Он решил отдаться на волю случая. Зная лишь то, что комната Валентины на втором этаже, он прошел по галерее и остановился, чтобы прислушаться. В дальнем конце галереи он заметил луч света, пробивавшийся из-под полуоткрытых дверей, и ему почудилось даже, будто он слышит приглушенные женские голоса.
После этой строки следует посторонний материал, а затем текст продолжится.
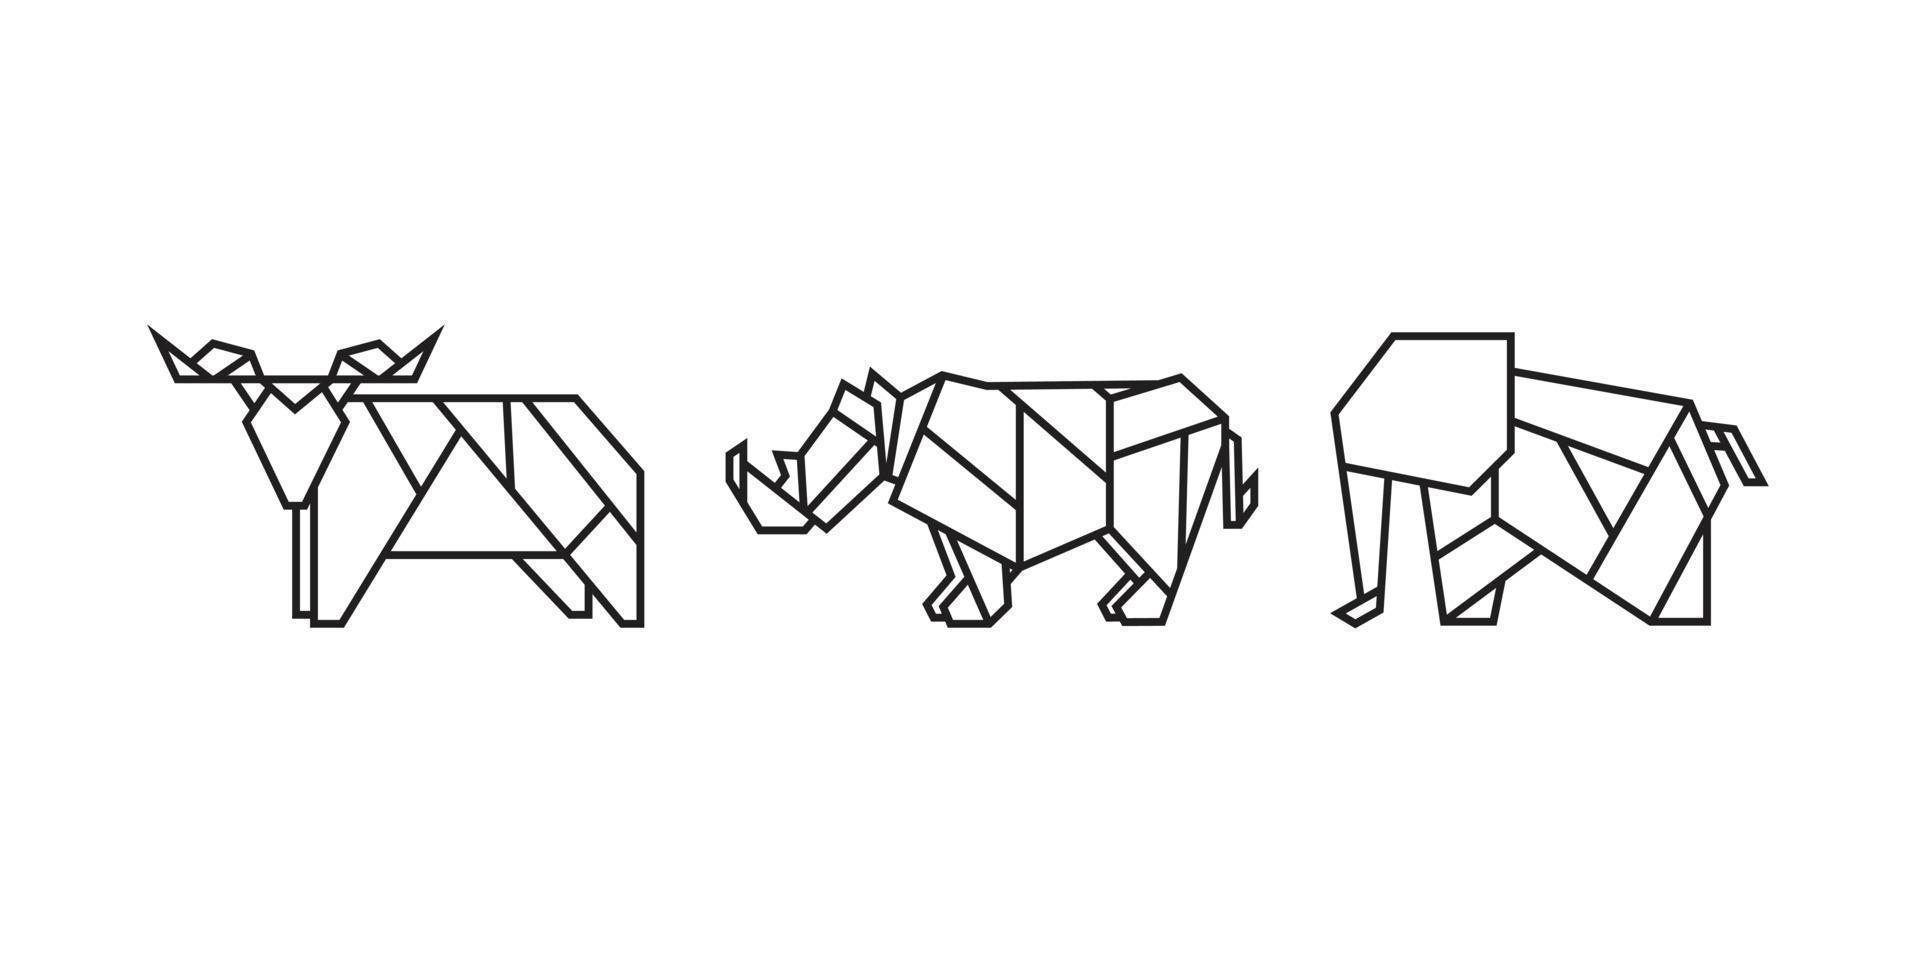 illustrazioni di animali africani in stile origami vettore

Это оказалась спальня маркизы, она позвала к себе своего новоявленного внука, чтобы попытаться отговорить его от восторгов первой брачной ночи, и Катрин, которую кликнули к маркизе, чтобы она засвидетельствовала болезненное состояние своей хозяйки, расписывала, как могла, недуги Валентины. Но господина де Лансака не слишком убедили все эти доводы, к тому же он считал смехотворным, что женщины уже суют нос в его семейную жизнь, любопытствуют и стараются на него повлиять; поэтому он оказал им вежливое сопротивление и поклялся честью, что беспрекословно удалится, если это прикажет ему сама Валентина.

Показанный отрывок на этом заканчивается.